ROCHESTER – The residents of the Zumbro Ridge Estates mobile home park said they had no idea they could ever be anything but renters on their land until they were called to an urgent meeting last April.
The private owner of the park would soon put it up for sale, they were told. Did the residents want to buy it?
What followed was a series of meetings, bank approvals and a closing like that faced by any first-time home buyer, only this was for the inhabitants of a 122-site trailer park north of town.
"Never in my wildest dreams did I think we would be buying this someday," said Krista Paulsen, a mobile-home owner and treasurer of the park's co-op board.
The residents' buyout of the park, made possible by a nonprofit agency that focuses on such deals, is the first of its kind in Rochester and illustrates how difficult it is to break into the local housing market, where a mushrooming affordable housing crisis threatens to slow growth and push more people into homelessness.

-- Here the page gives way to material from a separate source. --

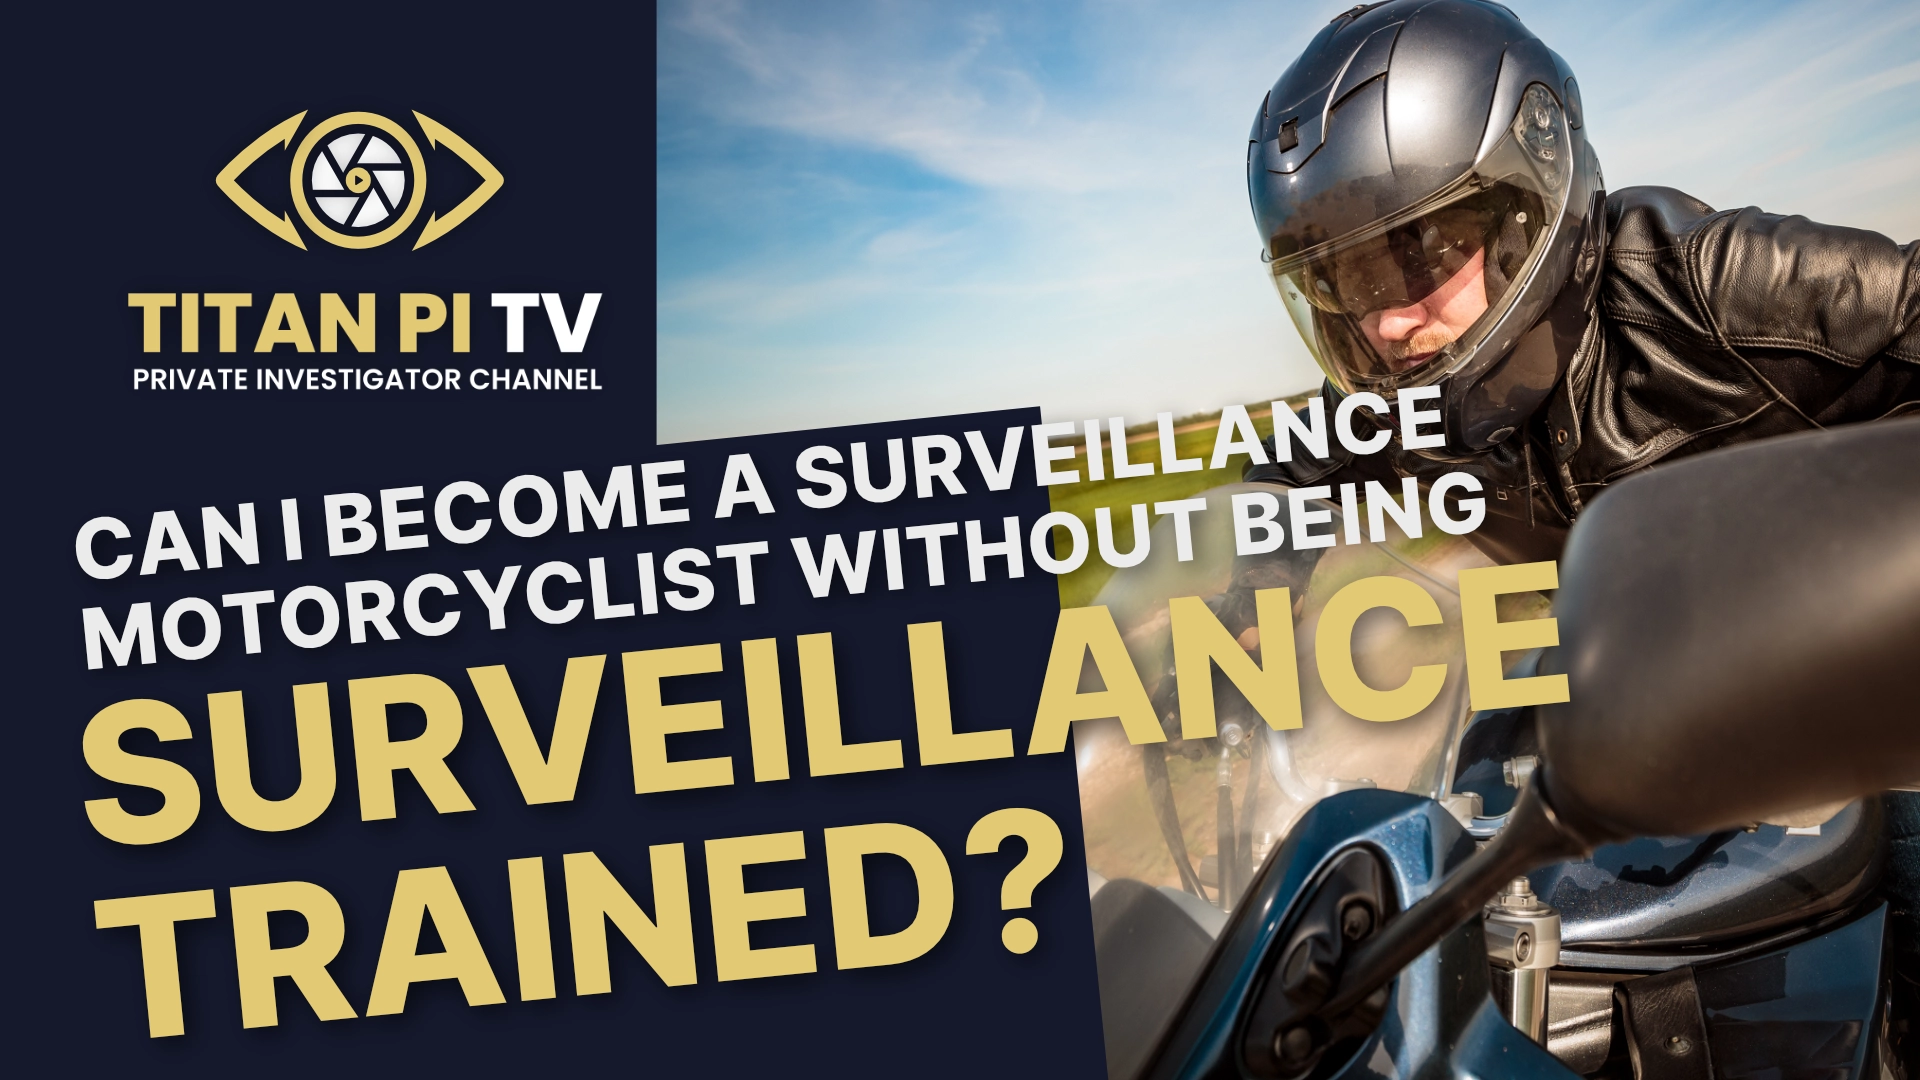 Can I become a surveillance motorcyclist without being surveillance trained first? | Titan PI TV
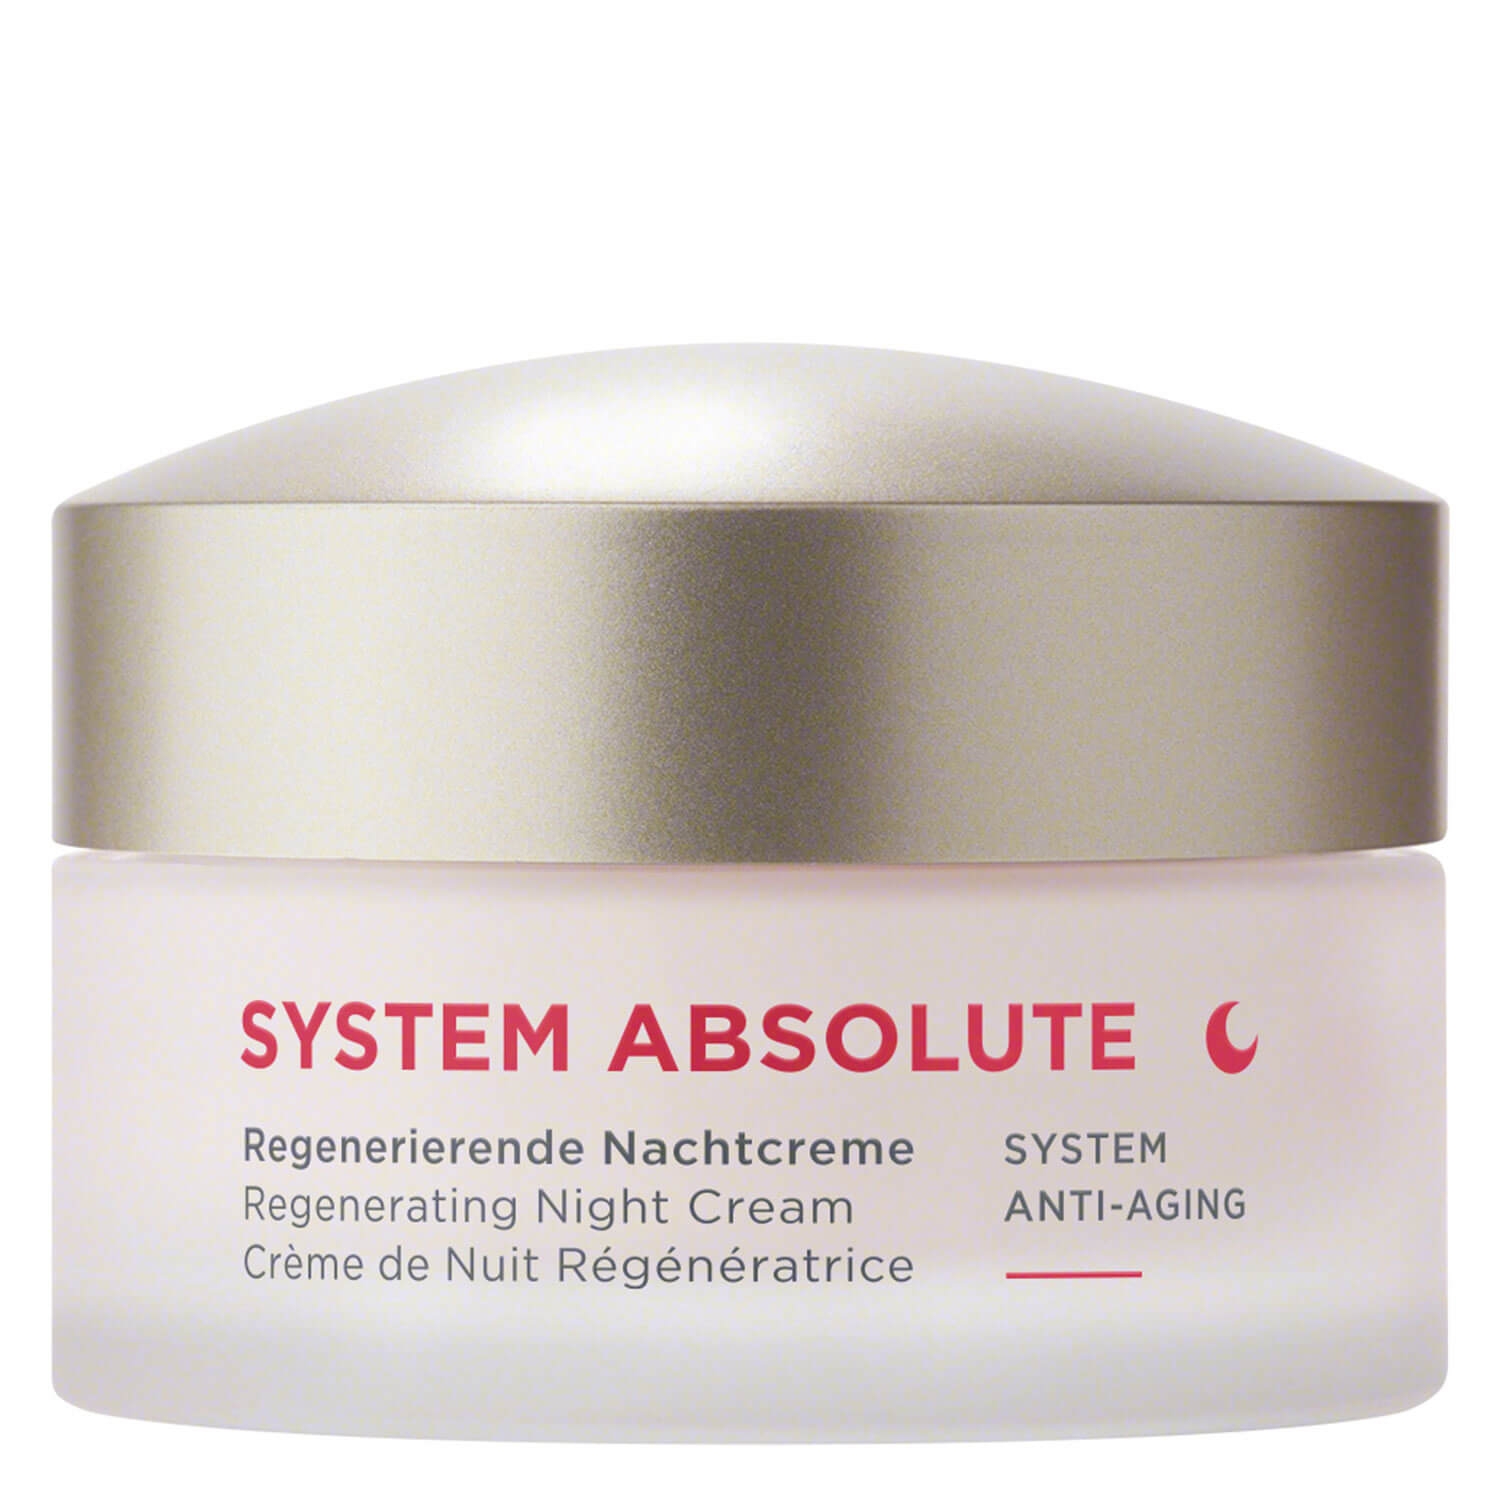 Product image from System Absolute - Anti-Aging Regenerierende Nachtcreme

This economically vibrant city already was considered one of the hottest real estate markets in the state before the Mayo Clinic's $5.6 billion expansion, known as Destination Medical Center (DMC), took off in earnest last year with multiple construction projects worth hundreds of millions of dollars.
The average sales price for Rochester homes, according to the Southeast Minnesota Realtors Association, jumped almost 10 percent this year, from $182,341 to $200,498.
Well-kept houses priced in the $200,000 range have been getting multiple offers the day they hit the market, and people looking for cheaper homes or who qualify for some type of government housing assistance face an even starker reality, said Marty Cormack, president of the local Society of St. Vincent de Paul.